# Got Sand?



## AndersenPlumbing (Jan 23, 2010)

We got called out to a sand and gravel pit to clear the piping on a Dredge pump. They suck the sand up in a pond and pump it up hill about 700' to a conveyor. Someone dropped the dredge hose too low and sucked too much sand and not enough water and plugged up the whole system. 

We came out and had to jet out about 400' of. 12" pipe with dry packed sand in it


----------



## Best Darn Sewer (Dec 23, 2012)

Damn, I love jetting sewer lines. Looks like a fun job. How long did it take and what nozzle, psi, and GPMs were you using?


----------



## AndersenPlumbing (Jan 23, 2010)

I used 2700 gallons of water 


I think it took me about 4 hours to do the job. 

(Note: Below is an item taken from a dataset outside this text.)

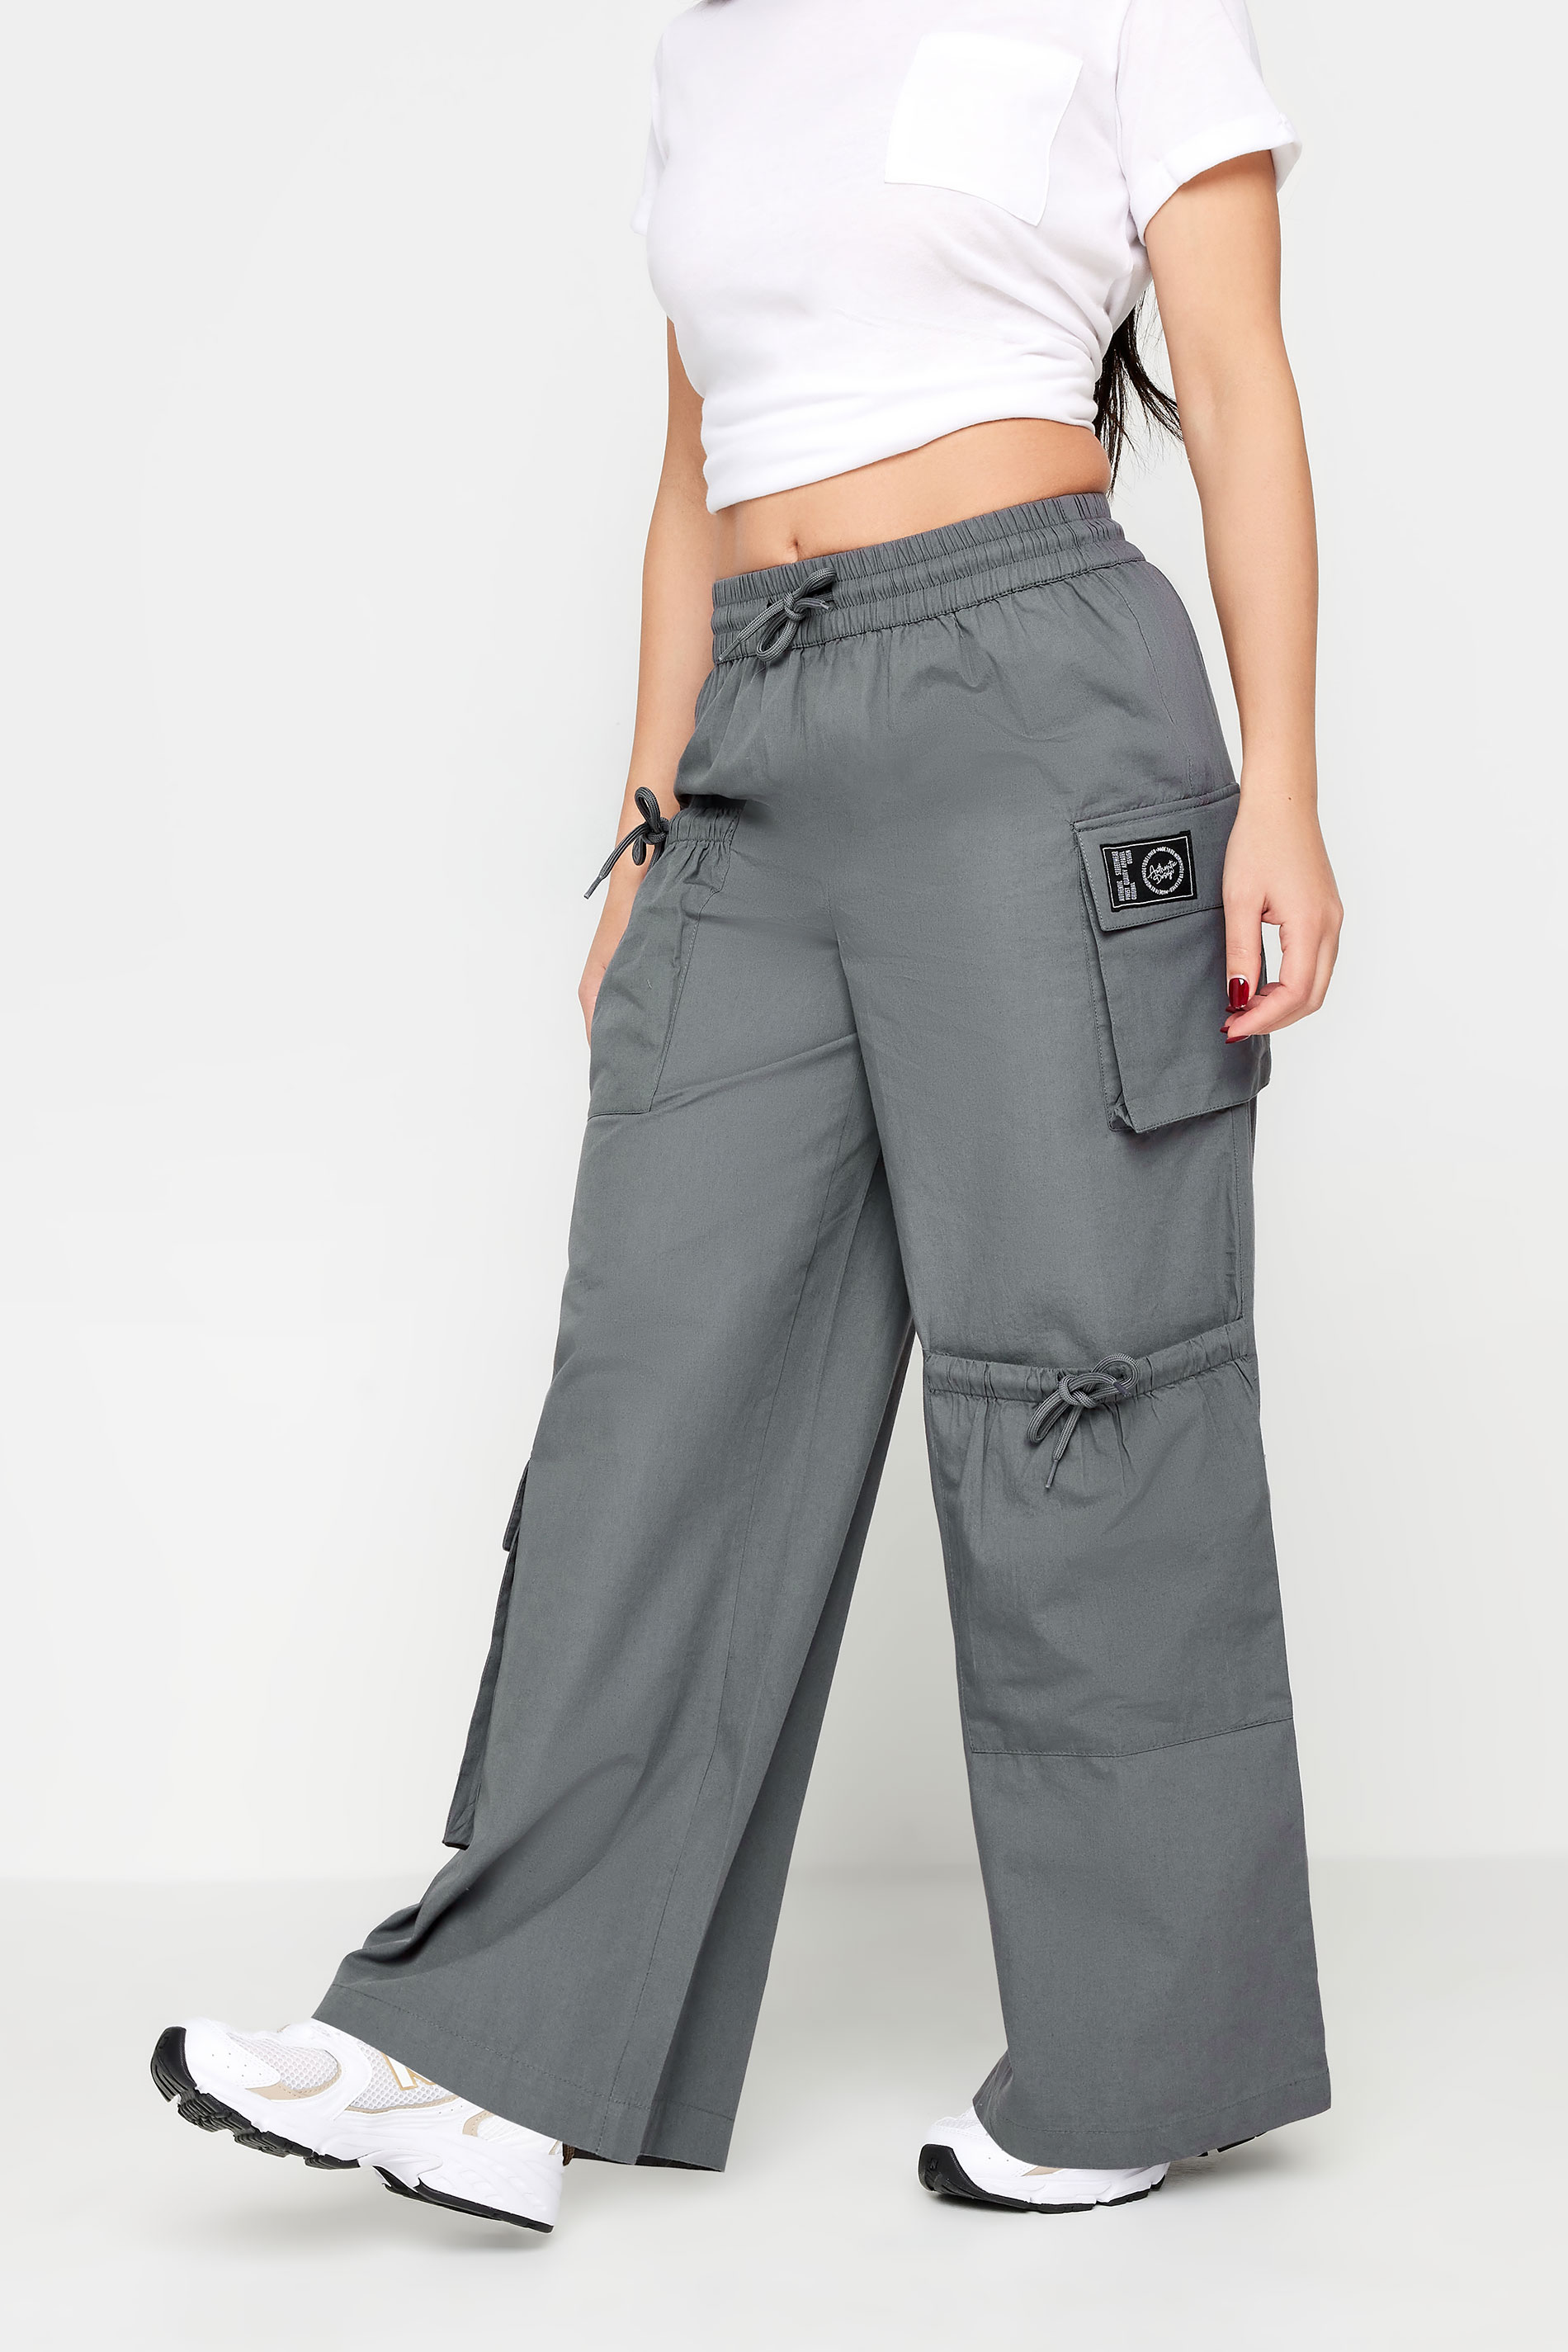 PixieGirl Grey Pocket Detail Cargo Trousers | PixieGirl  2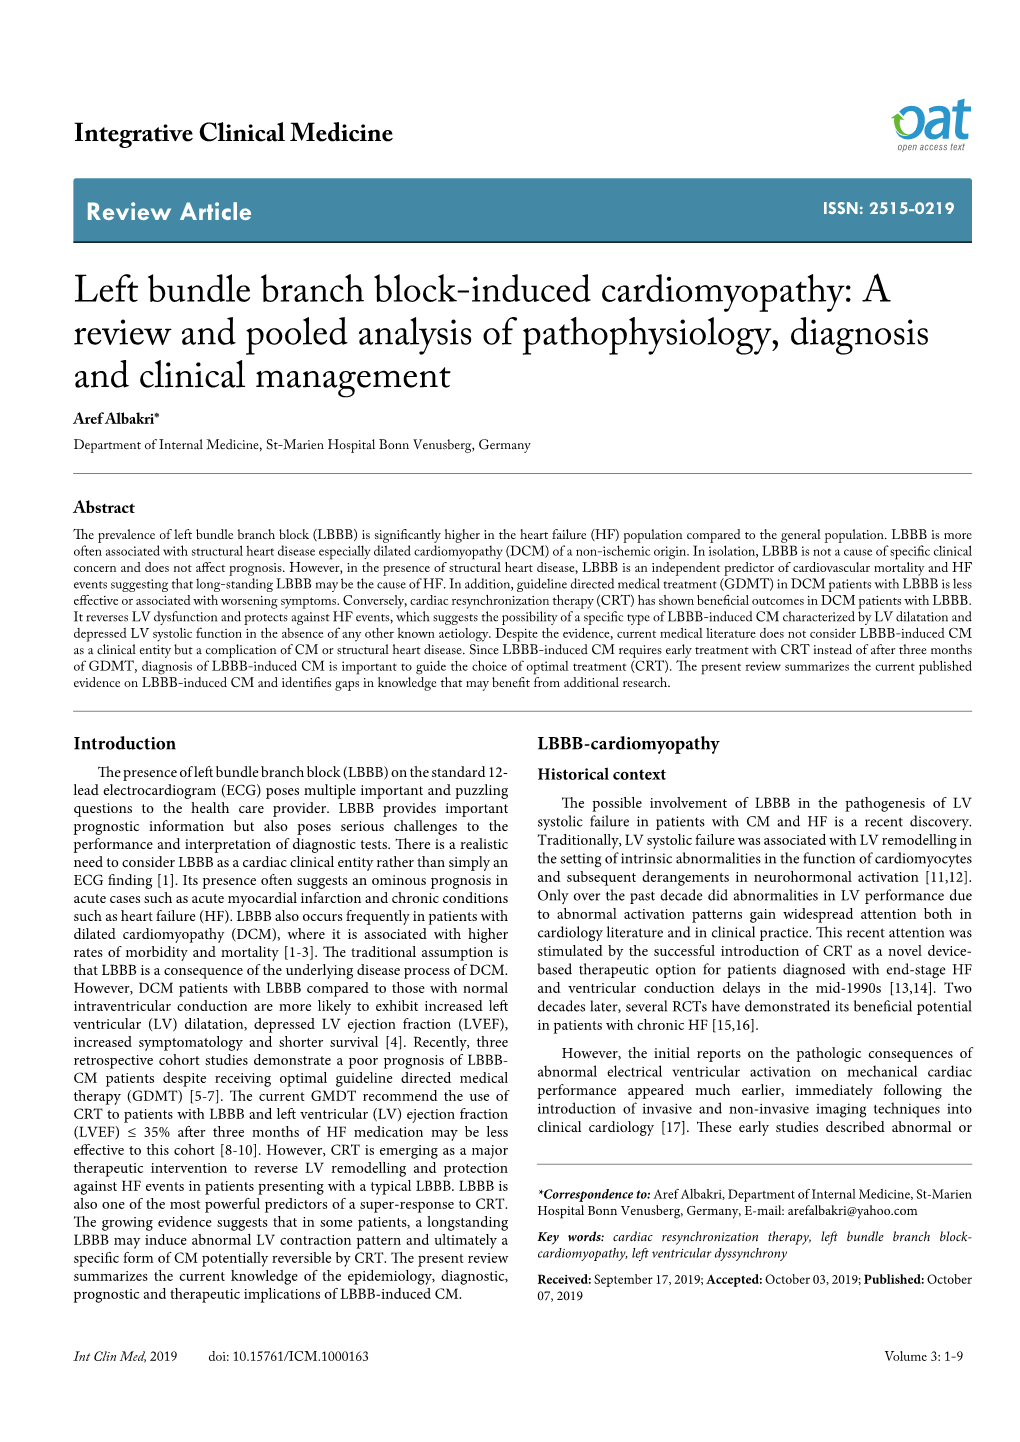 Left Bundle Branch Block-Induced Cardiomyopathy

My Harben flows 16gpm @ 4000 psi. 

I was using a warthog to clear it. It was the only nozzle that was effectively loosening up the sand ahead of the nozzle.


----------



## Best Darn Sewer (Dec 23, 2012)

AndersenPlumbing said:


> I used 2700 gallons of water
> 
> I think it took me about 4 hours to do the job.
> 
> ...


Wow. Thank you. It seems that a lot of guys on here prefer the warthog nozzle for most jobs. Seems to be the most versatile and effective.


----------



## AndersenPlumbing (Jan 23, 2010)

It is my go to nozzle! I have 4-5 nozzles for the Harben and the warthog is usually the first to come out.


----------



## Unclog1776 (Feb 5, 2013)

Every Jetter operation should a warthog, a chain flail(root rat) a good penetrator and a monster flush. Anything beyond that is specific to the individual. Good work by the way. I hate sand, can tell by the pump noise that your jets are getting clogged, I keep a set of picks in the Jetter tool box

Sent from my iPhone using PlumbingZone


----------



## Cuda (Mar 16, 2009)

Look up flounder nozzle on google, it is heavy and stays at the bottom of the pipe, not good for breaking up the sand at first but it is good for getting flow once the line is opened up. Works on sand and mud and maybe grease?


----------



## Unclog1776 (Feb 5, 2013)

That's a bulky looking nozzle but I can see why it would work. I can remember working under my dad when our town was experiencing a giant boom in residential new construction, we would get 1-2 calls a week where the sewer was full of gravel, mostly about a week after the buyers had moved in lol. We could have worked the balls off a nozzle like that had we had one.

Sent from my iPhone using PlumbingZone


----------